Atualizado em 11 de setembro | 7:07 PM


Publicado originalmente no Caderno B, do Jornal do Brasil, em 19.09.1981.

Não sei bem se por coincidência ou provocação, a literatura emergente da última década
vem insistindo, obstinadamente, em se nomear, num primeiro momento, como marginal
e alternativa e, desde algum tempo, como independente. Ainda que se possa notar nessa
mudança certos sintomas de reavaliação daquilo que seria o papel da poesia, a ênfase no
eixo da autonomia de sua prática parece permanecer como ponto de honra no que diz
respeito aos novos poetas 70/80.
Nas mais variadas circunstâncias, a definição das noções alternativa-marginal-
independente vem carregada de sentido objetivo: o controle total da produção e a
distribuição do trabalho de poesia, o que traria consigo, entre várias vantagens, como
uma maior liberdade de criação, aquela de procurar redefinir o espaço e o alcance social
da literatura. Entretanto, à revelia da evidente clareza do argumento, invariavelmente,
mal se ouve a “colocação” dos novos poetas, instala-se uma incontrolável confusão: ”
qual a poesia que não é independente?”; “Carlos Drummond de Andrade não seria o
maior de nossos marginais?”; “Qual literatura que, em seu sentido profundo, não se
revela alternativa?”. Nada de estranho na confusão, se levarmos em conta que, pelo
menos desde Platão, o poeta é visto e sentido como excluído da República. Resta-lhe
trabalhar com paciência e paradoxalmente com certo encanto, essa situação de
marginalidade e exclusão.

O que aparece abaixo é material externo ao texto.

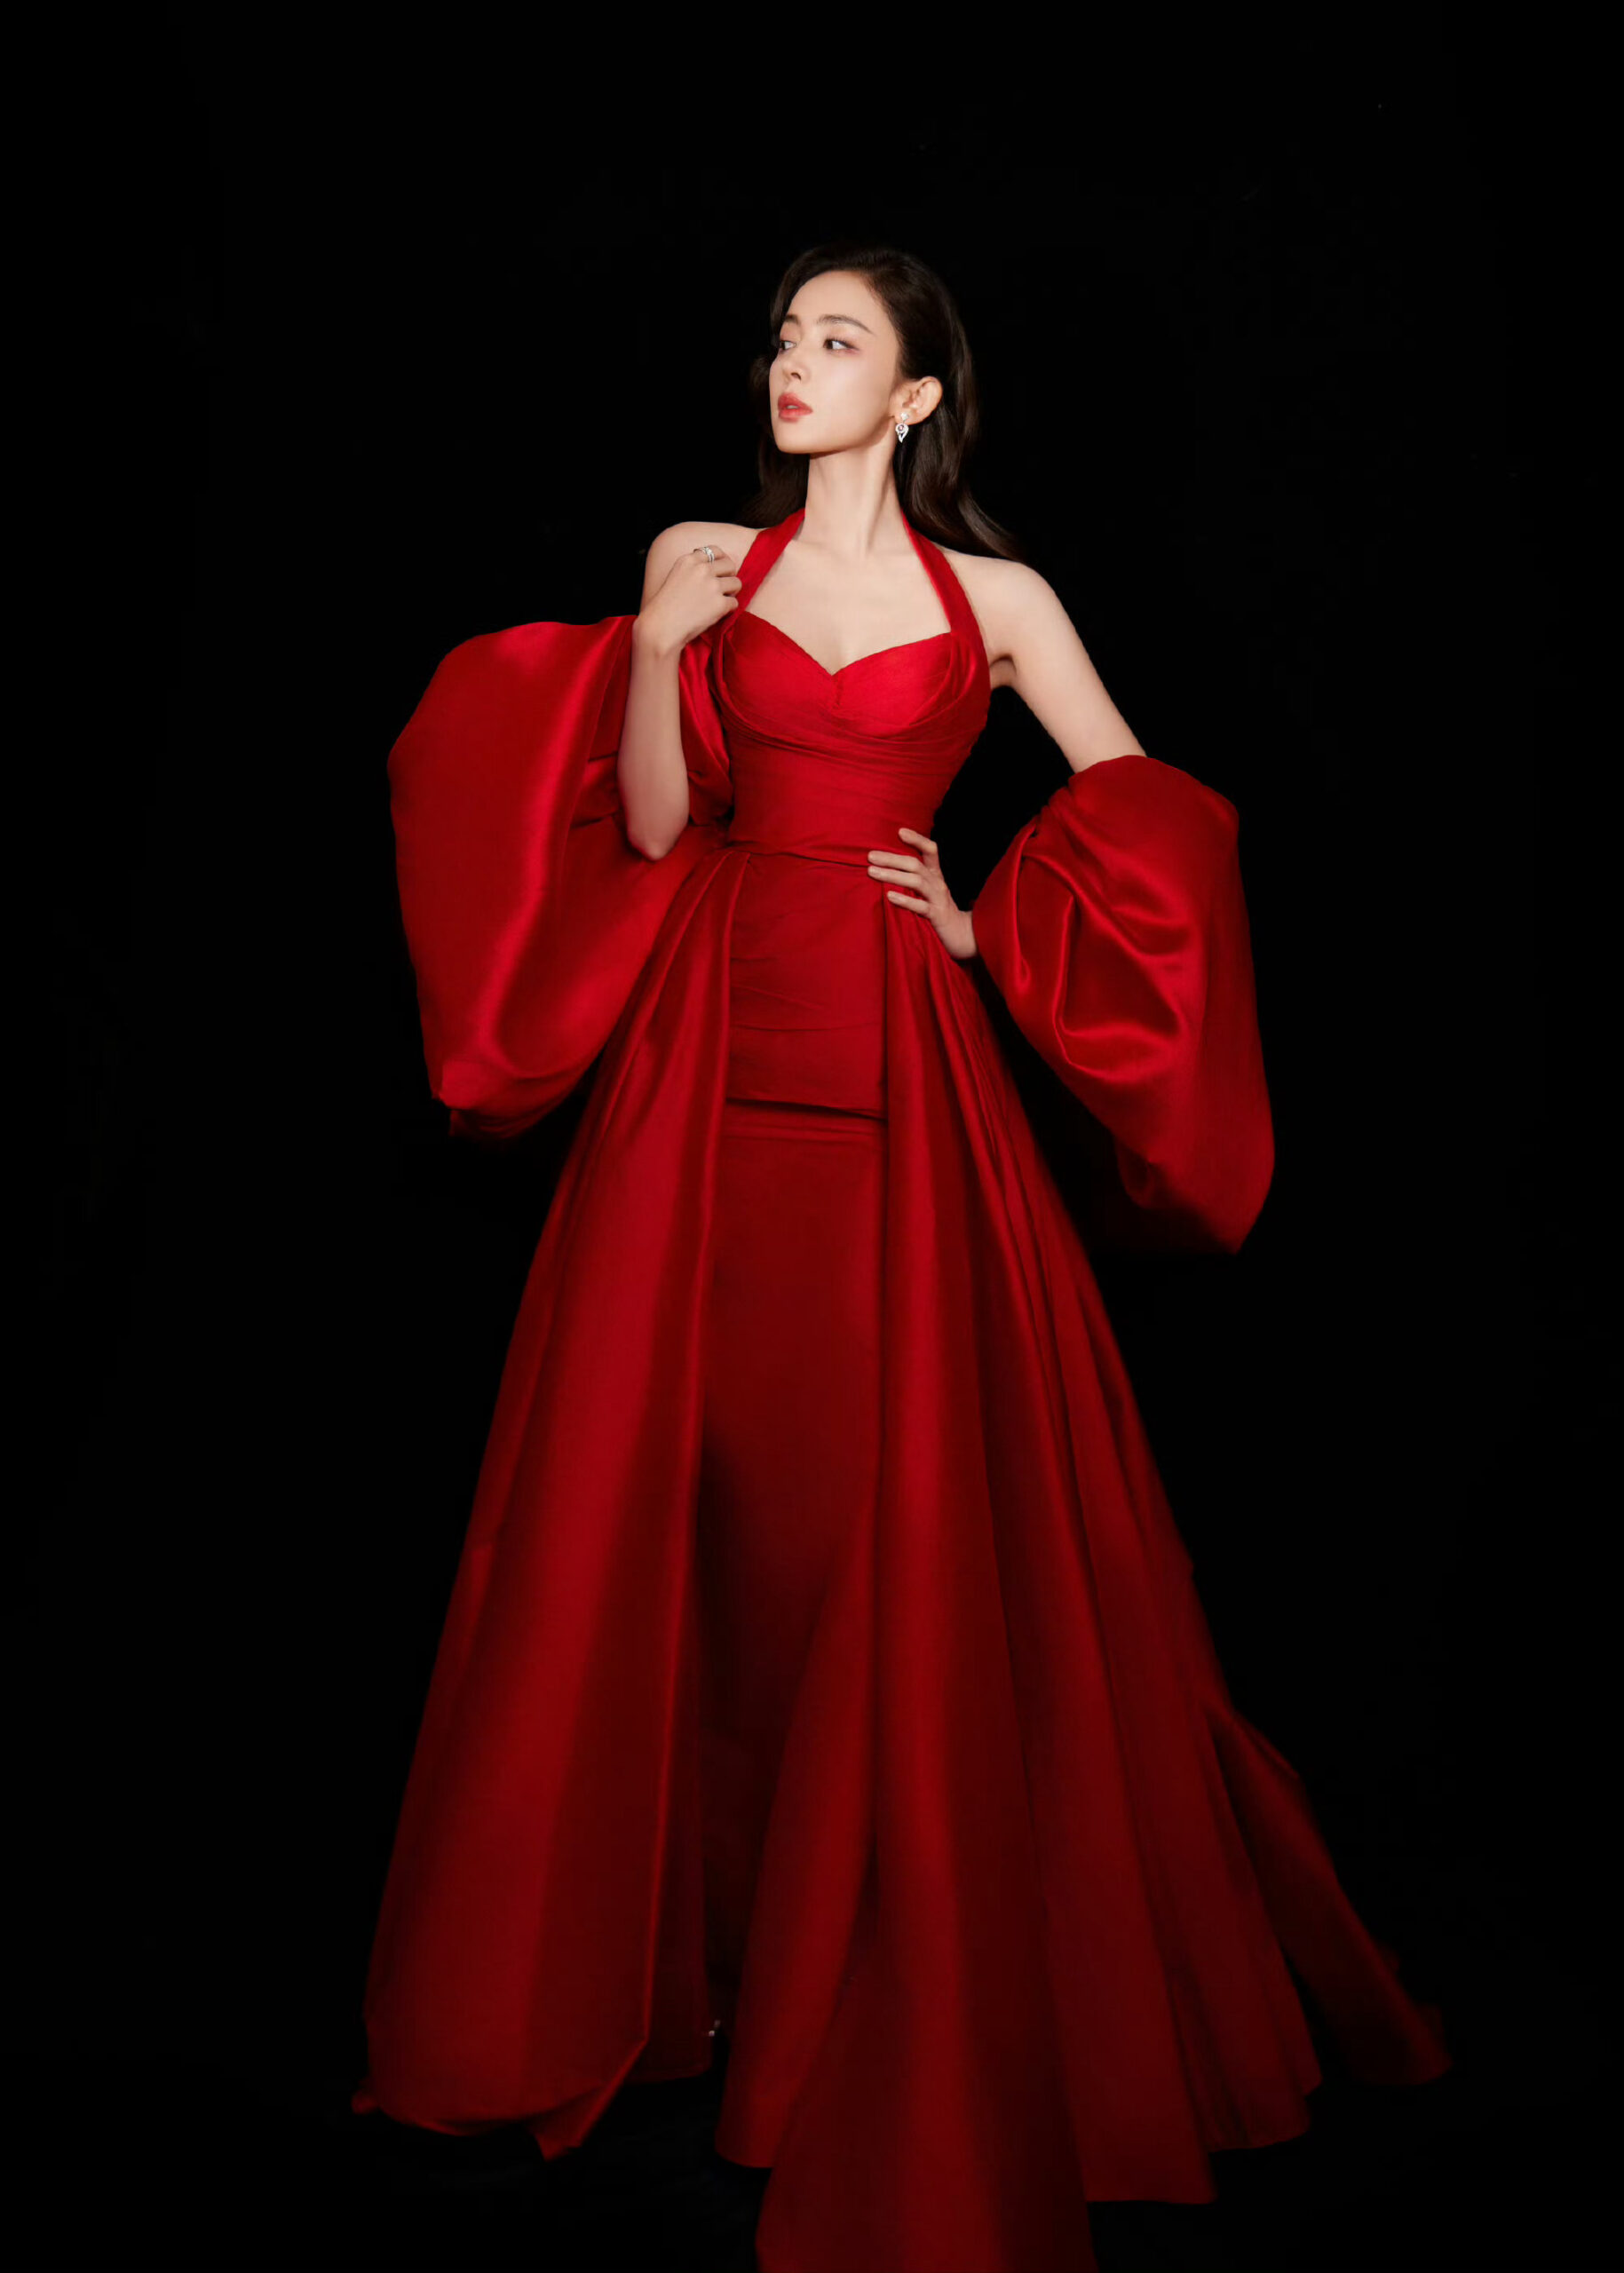 娜扎红玫瑰礼服造型明艳照人-幽兰花香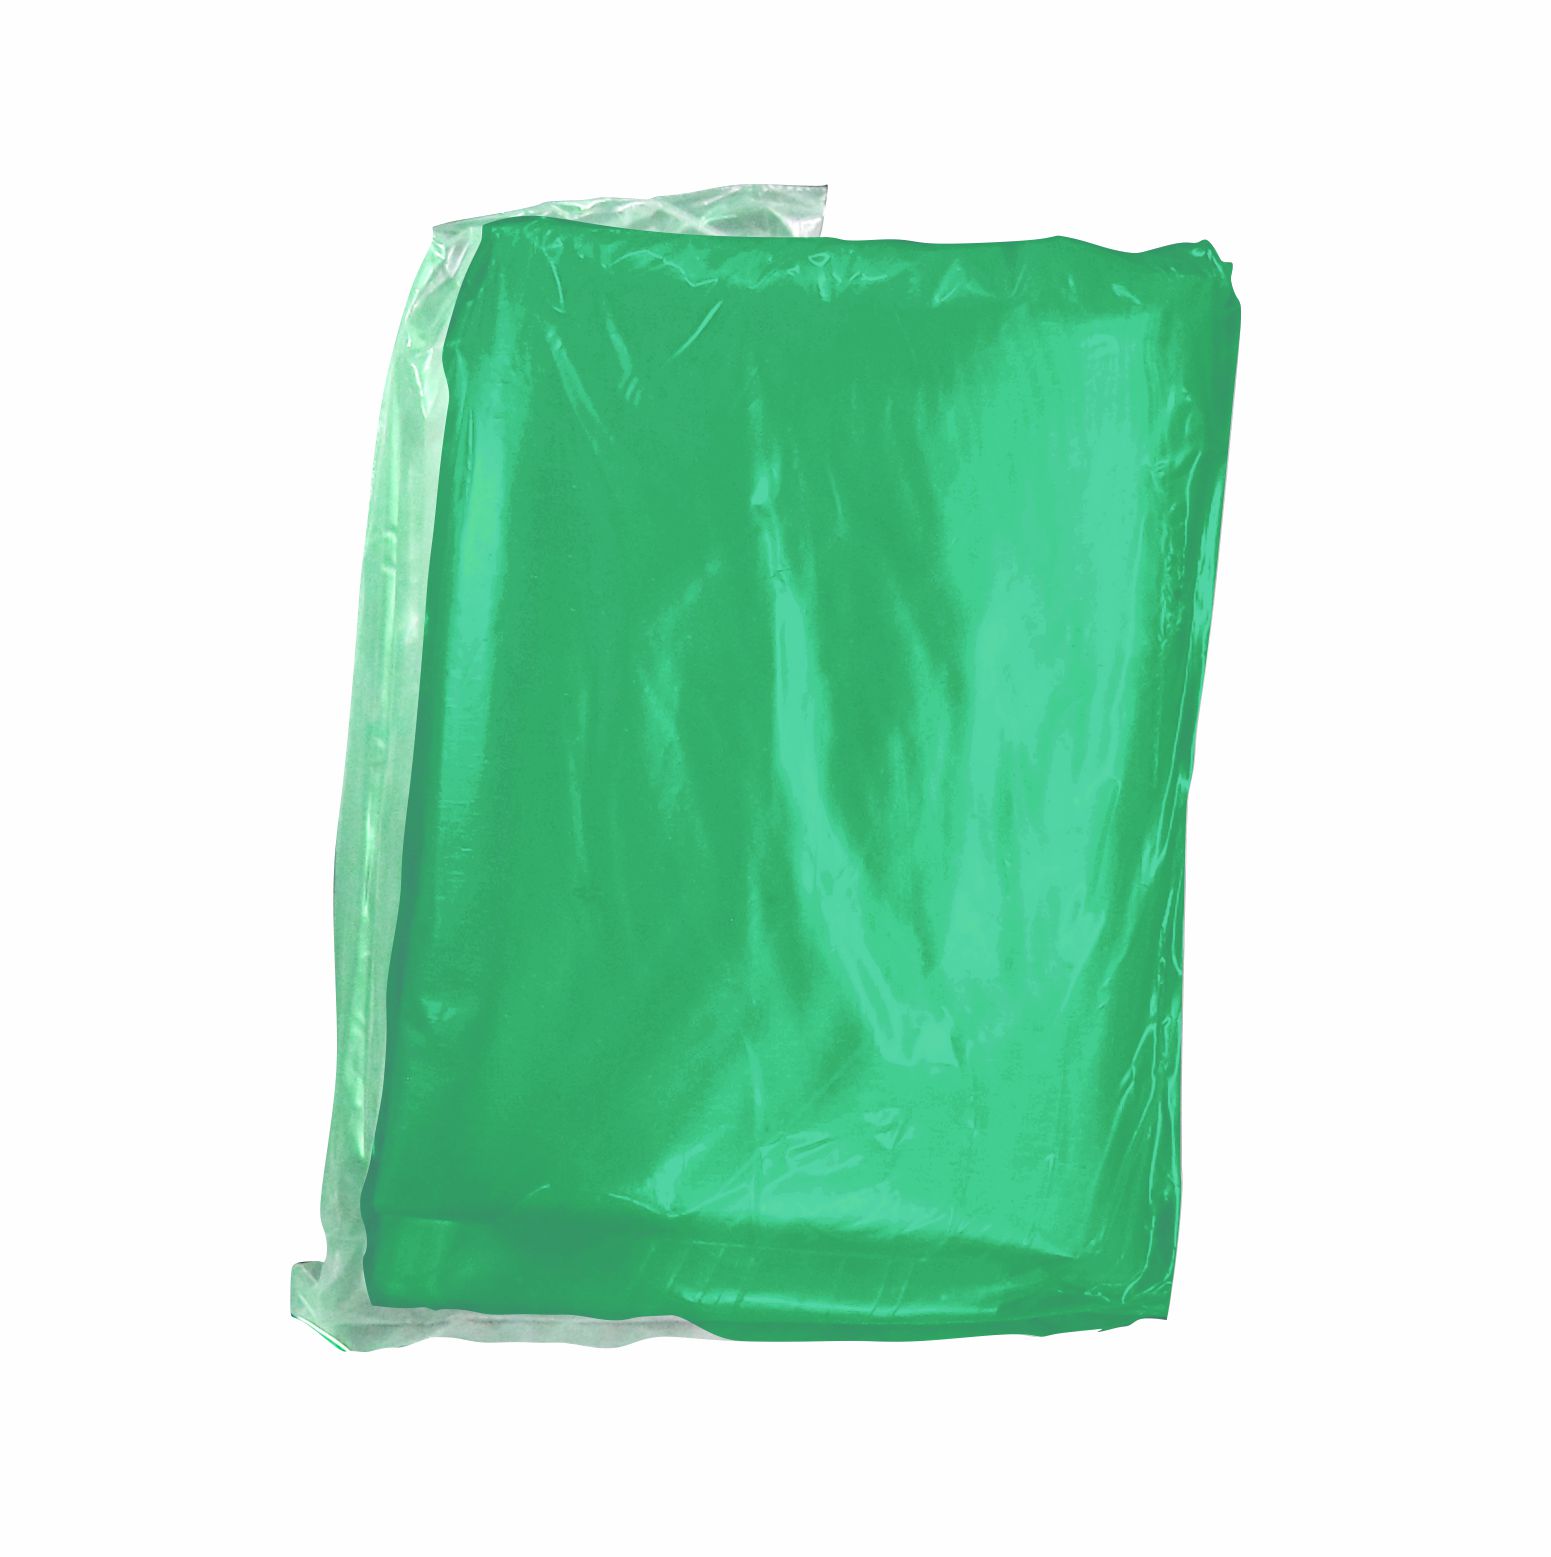 Paquete de bolsa 1.10 x 1.20 color verde con 25 kilos

O escritor, abrigado em seu gueto, que hora se investe do
sentido de quilombo, hora se reveste com cores de marfim. A defesa radical da
independência e da marginalidade do poeta, em seu sentido mais geral, parece ter-se
consolidado como senso comum no terreno das representações sobre a imagem do
escritor, ficando lamentavelmente excluída da “república das letras” a discussão acerca
da ambigüidade fundamental da definição dessa imagem. O que sustentaria a fé na total
liberdade e independência da criação artística? A que tipo de ilusão e sentimentos
corresponde essa leitura? Qual o sentido efetivo dessa forma de representação da arte?
Foi assim, zonza, que me dirigi para o I Encontro Estadual de Escritores Independentes
do RJ, dia 26 de agosto último.
Reunidos no saguão (o preço da independência) da ABI, um bom número de autores e
representantes de grupos organizados espalhavam-se pelo chão frente à mesa composta
por Henrique Araújo (organizador do Encontro) e os convidados José Louzeiro, Carlos
Eduardo Novaes, Gema Benedickt, Ivan Cavalcanti Proença e eu – uma turma bem
pouco “independente” como se pode ver. Suponho que a escolha dessa composição
vincula-se à representatividade dos integrantes como membros do Sindicato dos
Escritores, União Brasileira de Escritores e Editora José Olympio, avalizadores do
Encontro. Não percebo bem, entretanto, além da ajuda que a tarimba de reuniões –
marca dos dependentes – traz, nosso papel de destaque nas várias chamadas
publicitárias do Encontro, bem como a ausência de escritores alternativos à mesa. Tudo
bem.
Aberta a sessão, Henrique Araújo expõe sua proposta central: a organização, a nível
nacional, de um movimento de produção cooperativista. Assim, sugere a criação da
Associação Carioca de Escritores e a ampliação das associações estaduais através da
Comissão Nacional de Escritores Independentes que teria seu primeiro encontro neste
mês, em Fortaleza. Em seguida, faz a crítica ao modelo individualista com que se agita a
produção alternativa e atenta para a urgência de se “unir-cooperativar-organizar”. E
depois de um breve histórico sobre as conquistas e a importância da produção
independente no Brasil (da qual o Centro de Cultura Alternativa da Fundação Rio,
coordenado por Maria Amélia Melo, é prova) adverte: “é preciso que o escritor não
esteja preocupado com sua exibicionista marginalidade e sim em como vender o seu
trabalho.” Um à parte da platéia propõe uma atuação ligada ao Sindicato dos Escritores
do RJ. Mais uma vez, apesar da noção “independência” estar claramente definida como
“aquela não vinculada a qualquer patrocínio estatal ou bancada por empresas editoriais”,
o feitiço volta-se contra o feiticeiro Henrique Araújo. E o pau rola.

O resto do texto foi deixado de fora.